# BRIEF
The lines to be extracted begin at the line containing "HealthVit L-Arginine Amino" and end at the last line of the data below; copy them exactly and leave out the pictures.

# AVAILABLE DATA
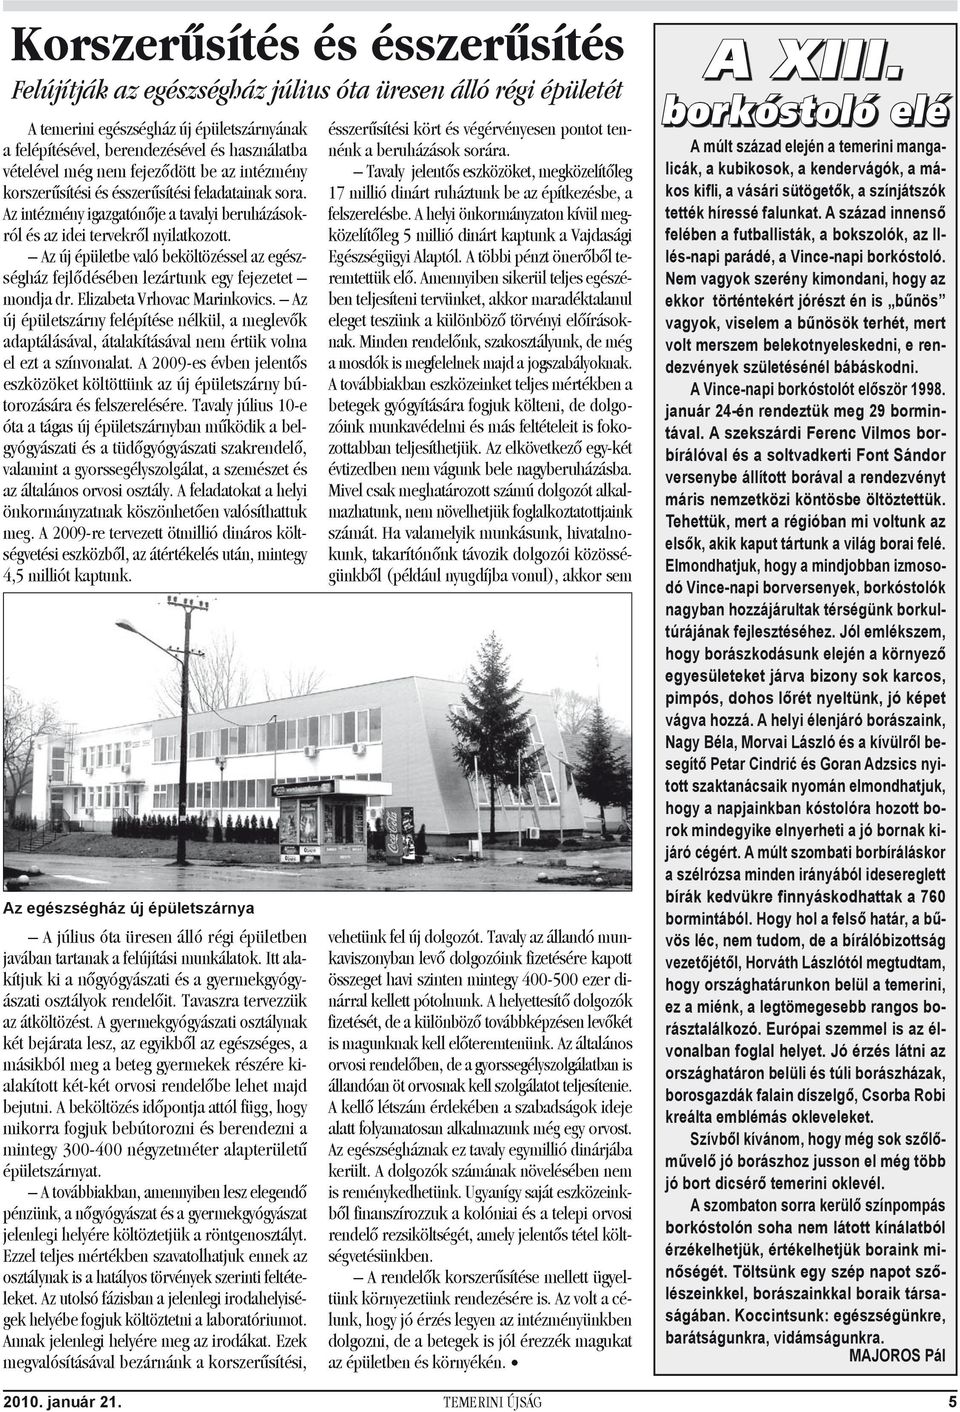 Az új épületbe való beköltözéssel az egészségház fejlődésében lezártunk egy fejezetet mondja dr. Elizabeta Vrhovac Marinkovics.
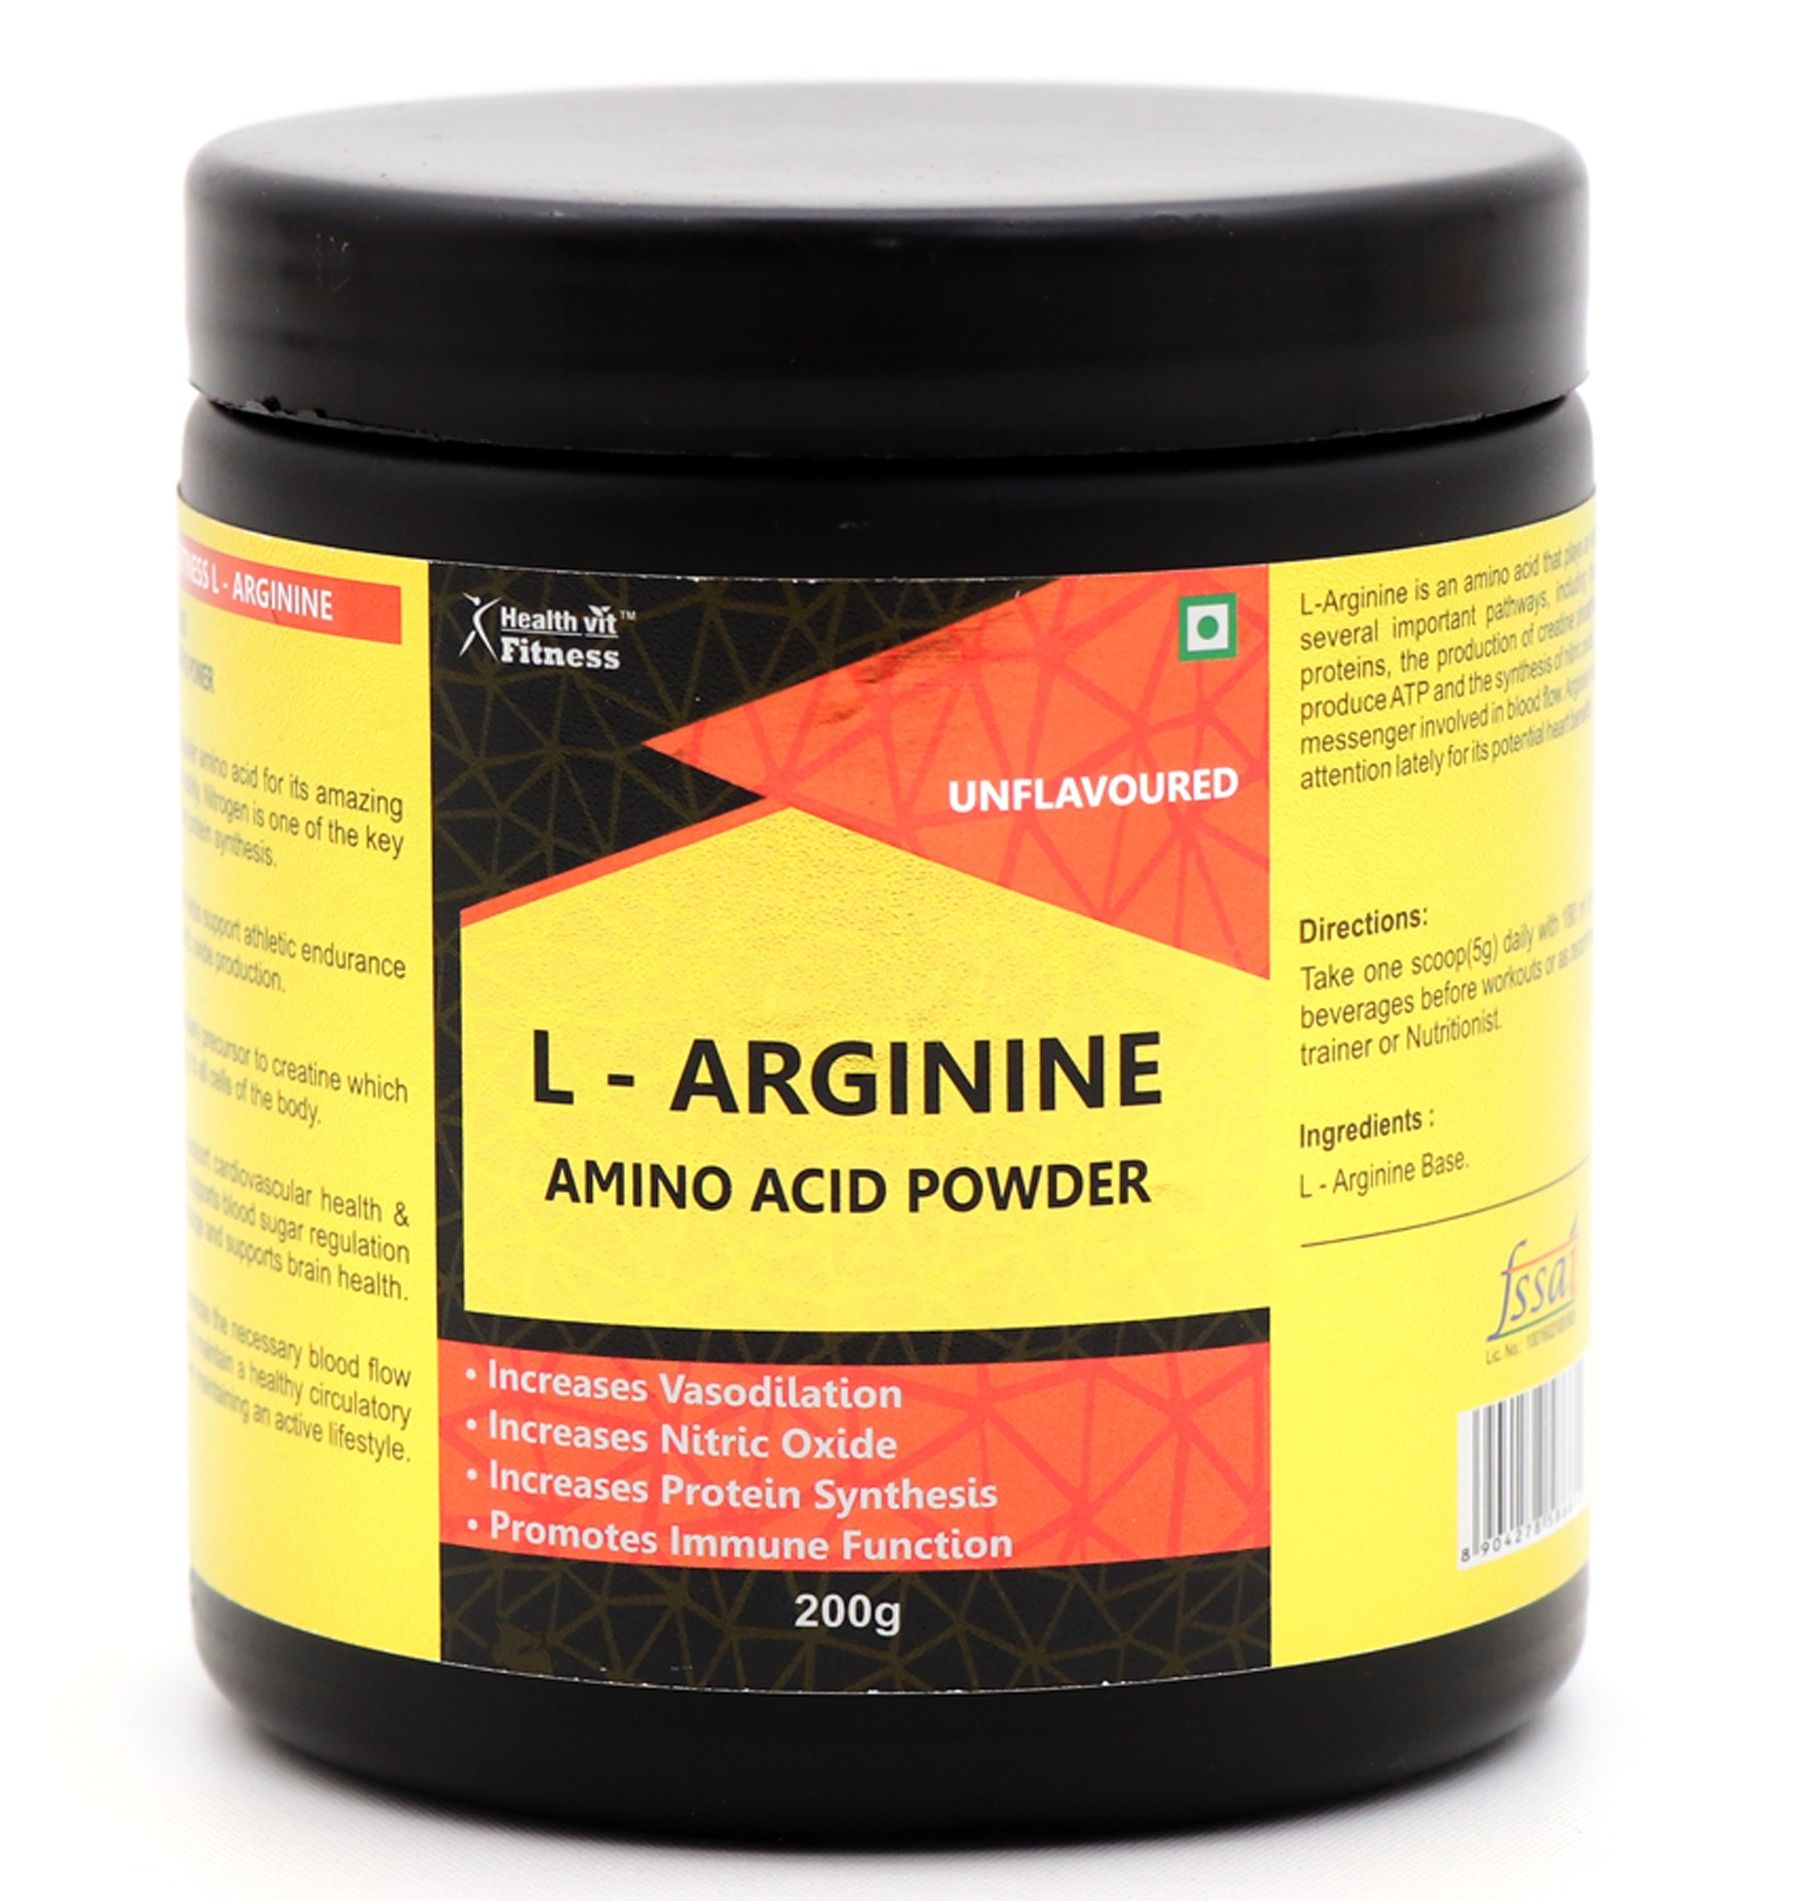 HealthVit L-Arginine Amino Acid Powder (Unflavoured)
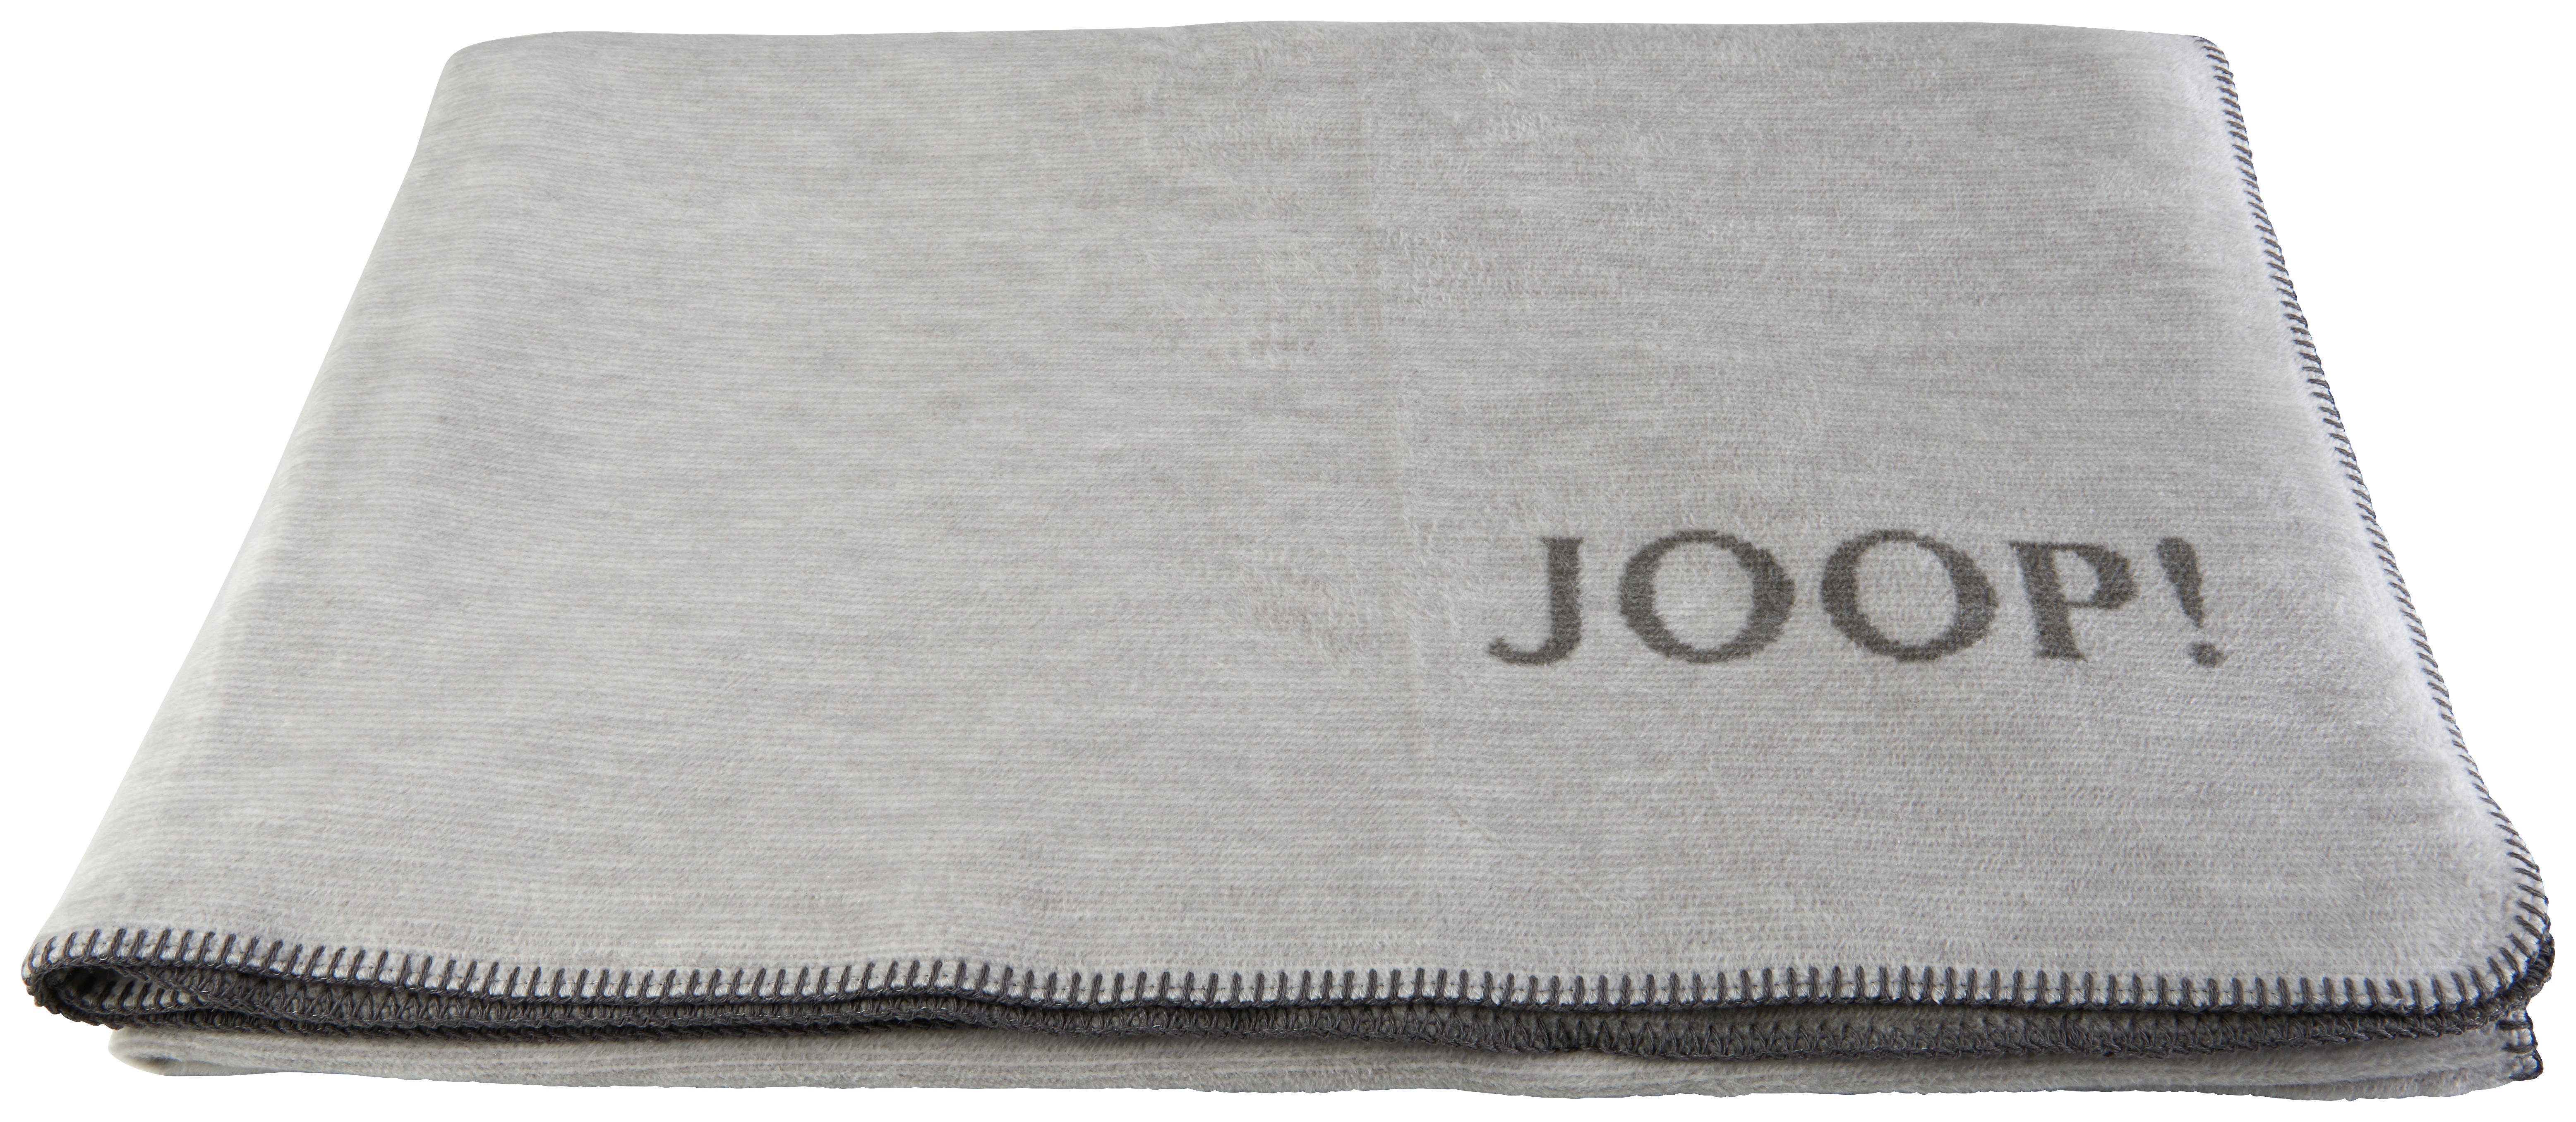 WOHNDECKE MELANGE DOUBLEFACE 150/200 cm  - Schieferfarben/Hellgrau, Design, Textil (150/200cm) - Joop!

# RESULT
 HealthVit L-Arginine Amino Acid Powder (Unflavoured)
 WOHNDECKE MELANGE DOUBLEFACE 150/200 cm  - Schieferfarben/Hellgrau, Design, Textil (150/200cm) - Joop!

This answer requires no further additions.